28:57 - Priya Keshav  

Absolutely. No, I think there can't be a better way to kind of end this episode, right? Which is data minimization is hard. I mean, to tell you the truth, it's kind of... especially in this day and age where we go saying that, you need data for everything you do and AI is the most important, you know, part of every company strategy and AI needs data to, you know, thrive and survive. And so as you kind of think about data as your most important asset, it's hard to think about how to get rid of what you don't need because sometimes that requires very clear thoughts on what you need.  which is not often easy, right? So the other big thing is communicating to stakeholders and the importance of, you know, it's two sides to the coin.  You can easily get rid of what you don't need if you can understand what you need. And part of that is going to improve and inform some of your data strategies as well.
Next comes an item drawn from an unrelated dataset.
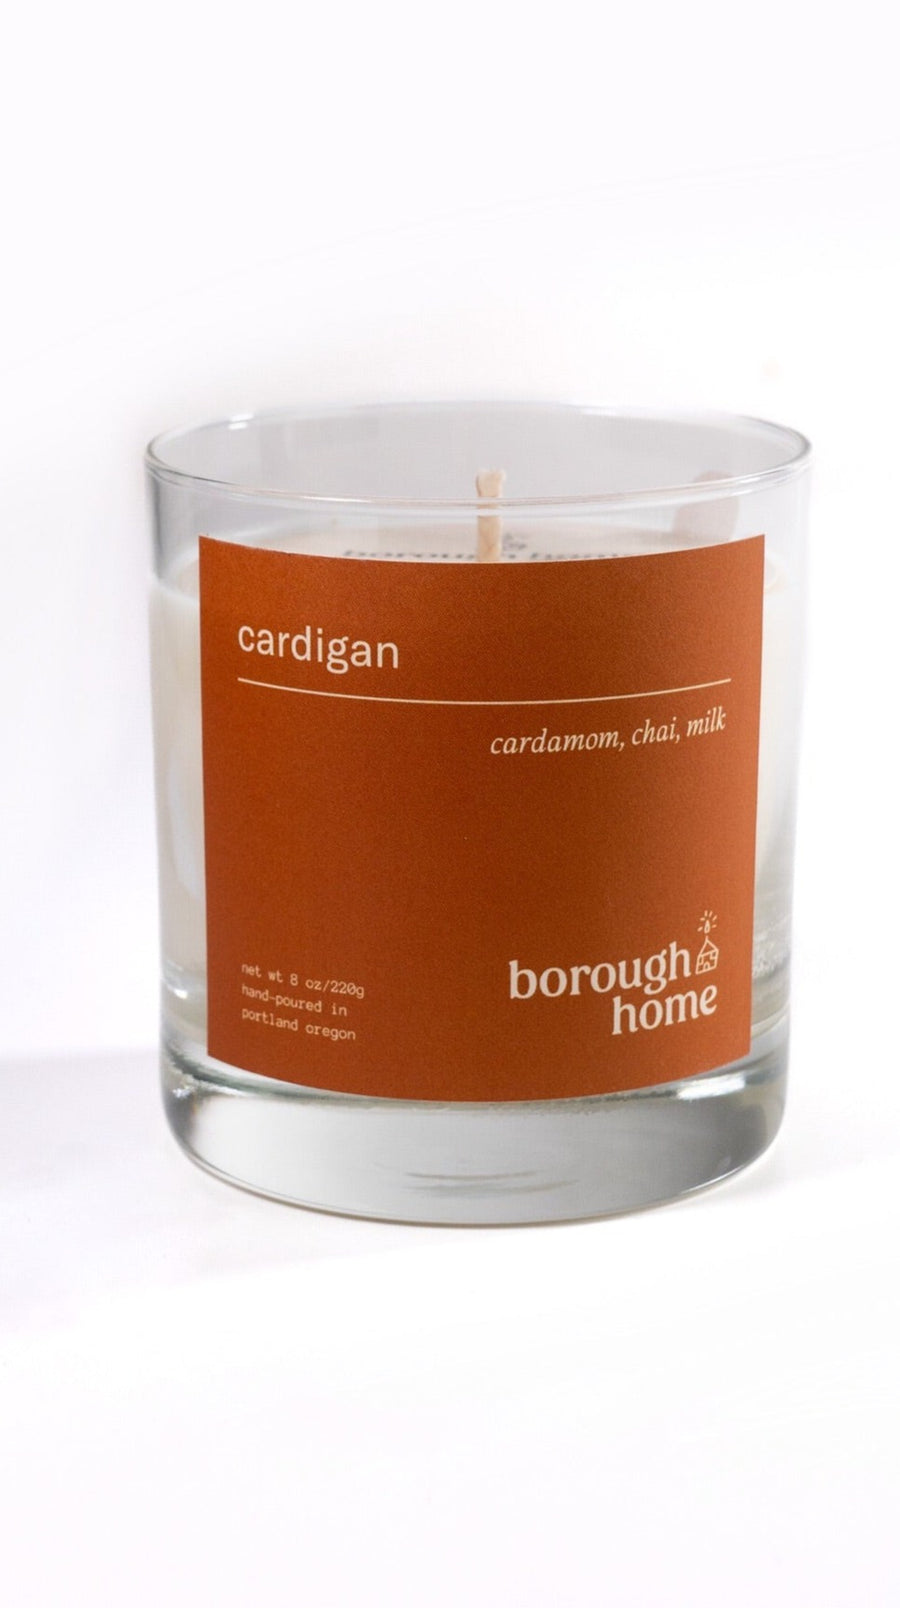 8oz Jar Candle by borough home

So I think that's a great place to, and thank you so much for.  Joining us today, it was a great conversation. Thanks, Priya. I think it was good conversation. It was definitely bringing some of the more important topics because I think we, thanks for bringing it up and thanks for joining us and maybe we could do some other topics too. So nice to talk to you.   

 

30:28 - Matt McClellan

You know, even I'm trying to get back out there in the speaking circuit. like conferences and stuff. So if there's a opportunity to present together somewhere that you think I'd be useful with you, I'd be all for it. Sounds good.